言霊主義者は、よかれと思って「言霊的な助言」をするたびに、善からも離れていく。言霊主義者は、よかれと思って「言霊的な助言」をするたびに、こころがよごれていく。
「XをすればYになる」というタイプの助言をする人も、良心?にしたがって、助言をするたびに、傲慢になり、こころがよごれていくのである。
この人たちは、100%詐欺構文の文で、条件が悪い人に無理なことを言う。そして、言霊主義者とおなじように 『やり方が悪いからできないのだ』というサブルーチンや「方向が間違っているからできないのだ」というサブルーチンや「こころがけが悪いからできないのだ」というサブルーチンに入ってしまう。
心がけサブルーチン、心構えサブルーチン、こころの用意サブルーチン、マインドセットサブルーチンに入ってしまう。

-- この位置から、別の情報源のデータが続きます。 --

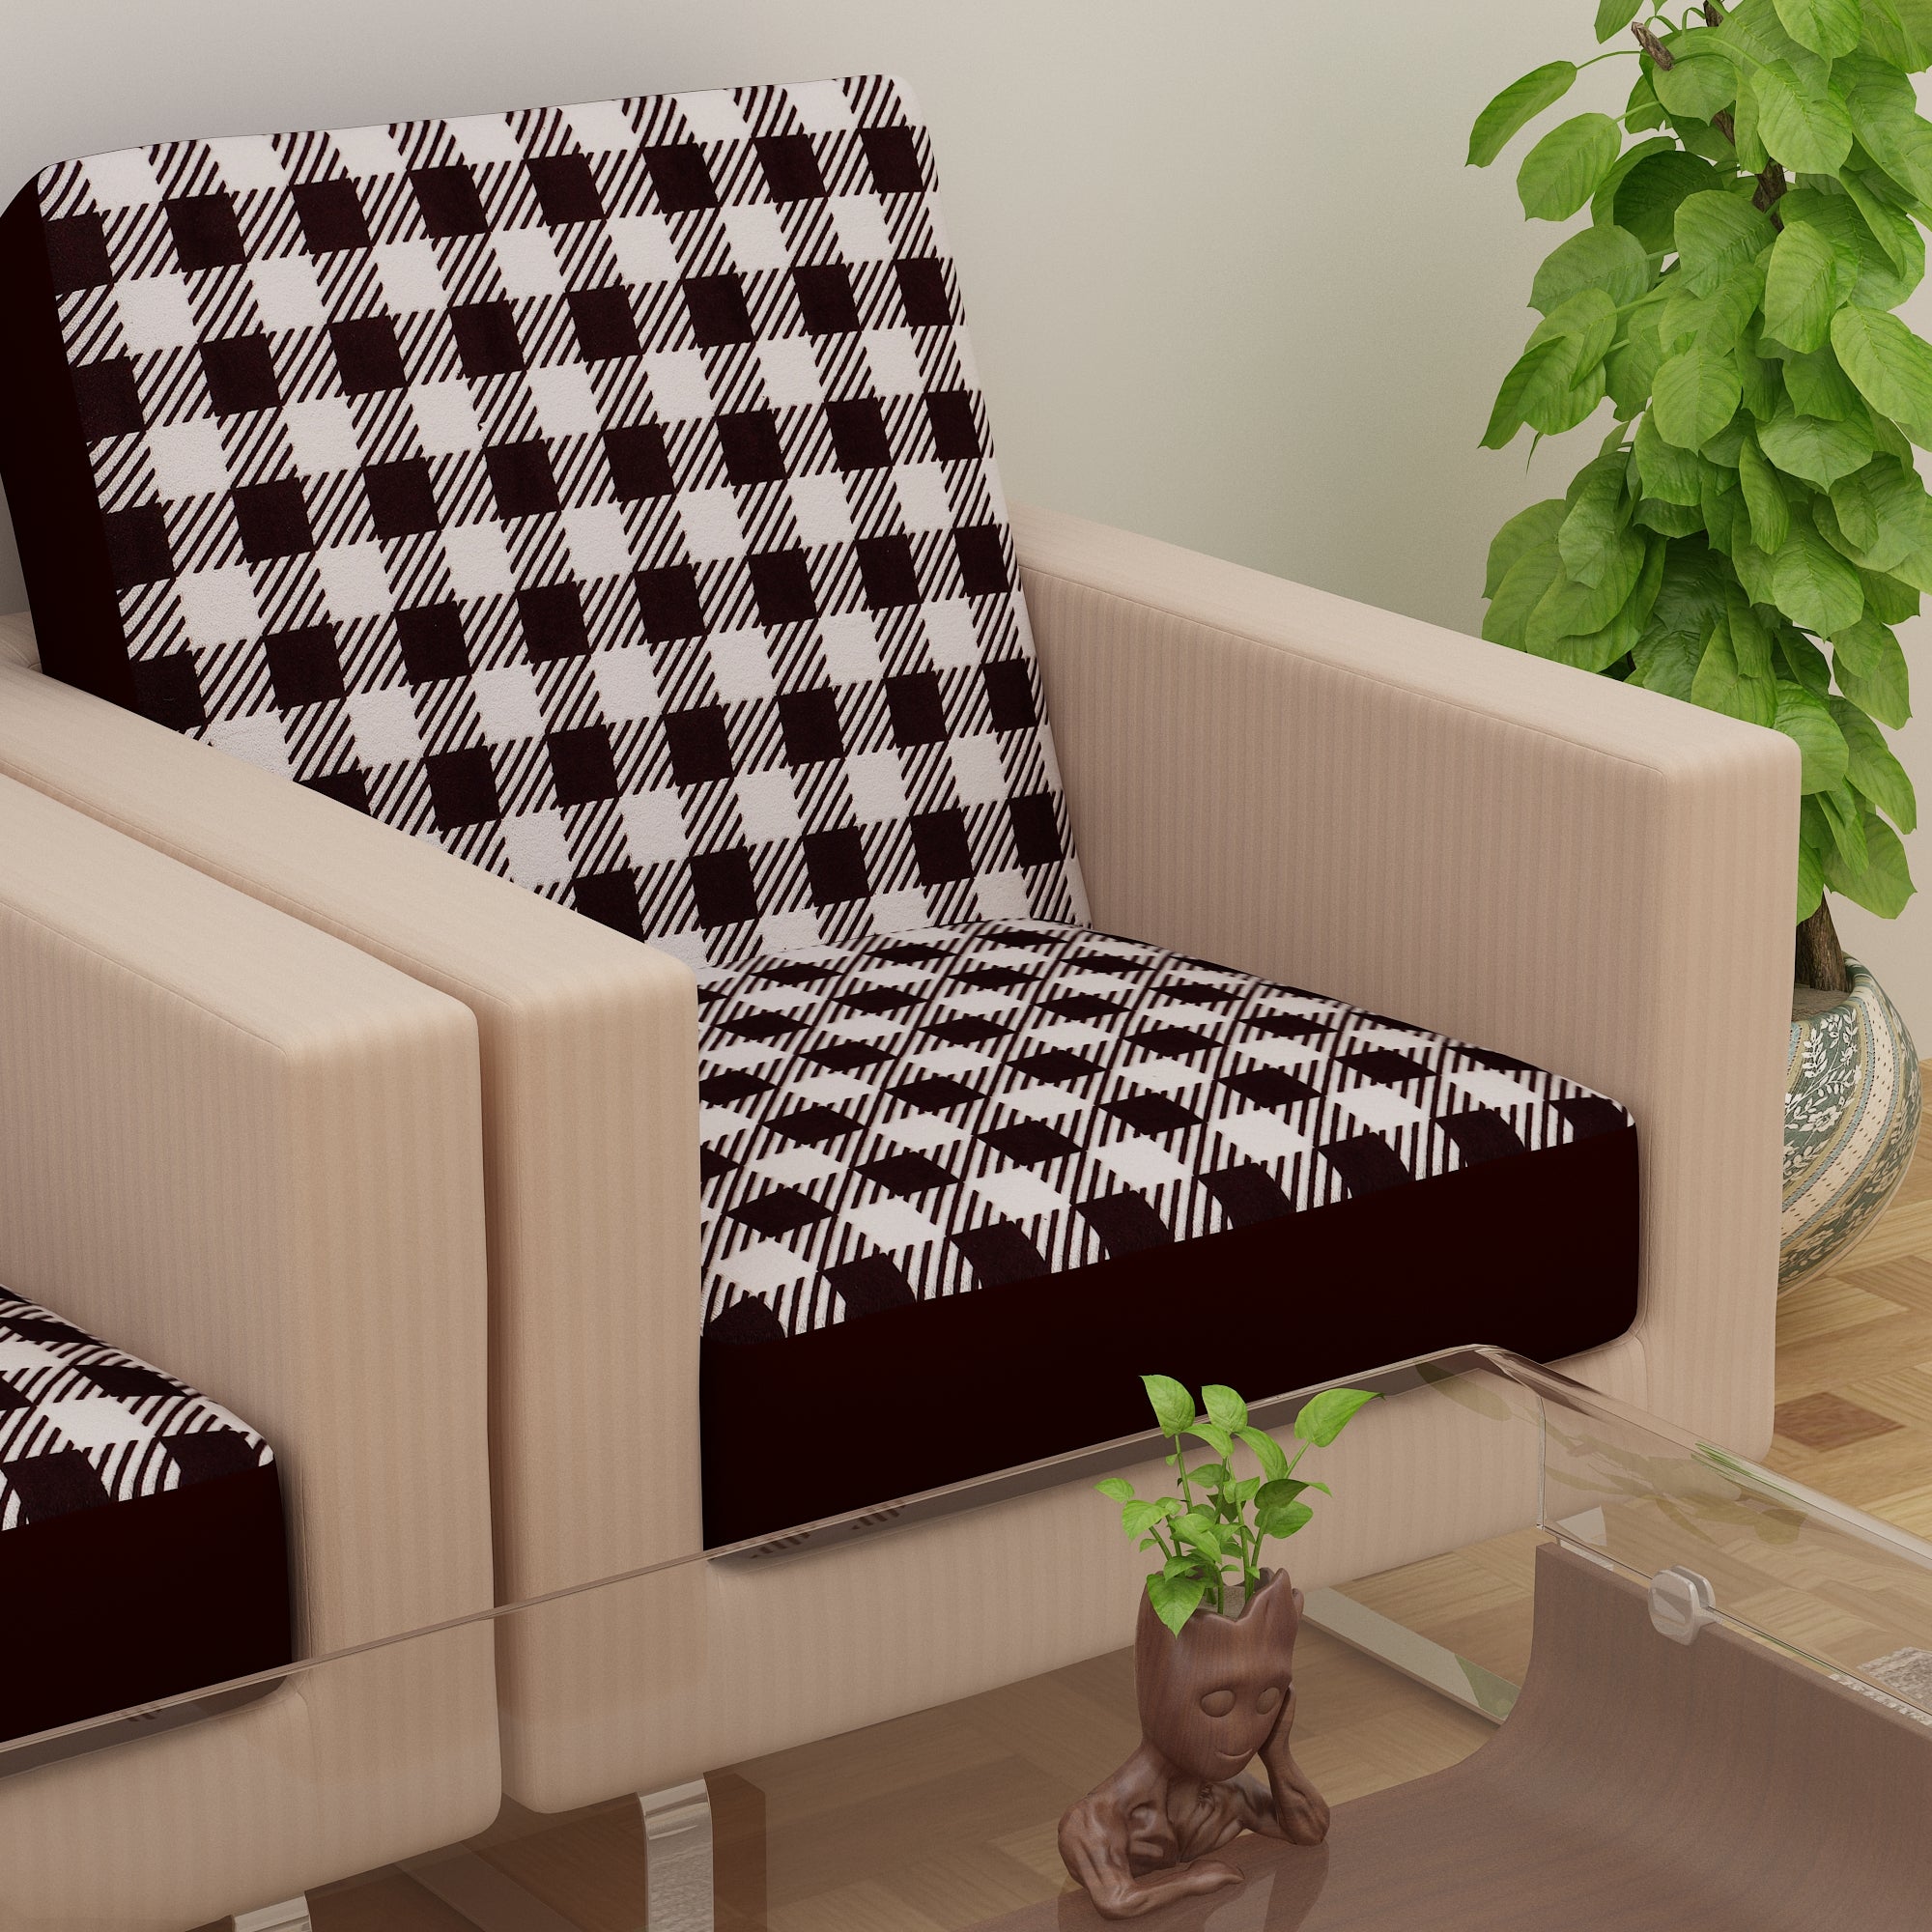 Waterproof Printed Sofa Seat Protector Cover with Stretchable Elastic, White Brown - Dream Care Furnishings Private Limited

それぞれのサブルーチンについて語っているときも、よいことをしていると思っている。
ところが、相手をディスって、いい気持ちになっているだけなのである。
こころが、よごれていく。傲慢な気持ちが強くなる。マウントをして楽しいと思ってしまう。
そして、相手が、条件について、言及すれば、相手に対して、おこってしまう。相手に対して怒りの感情がわいてくる。「そんなのは、言い訳だ」「そんなのはあまえだ」と腹を立ててしまう。けっきょく、よごれる。助言をするたびに、くさっていくのだ。それこそ、こころが、くさっていく。
うまくできている。うまくできていると思う。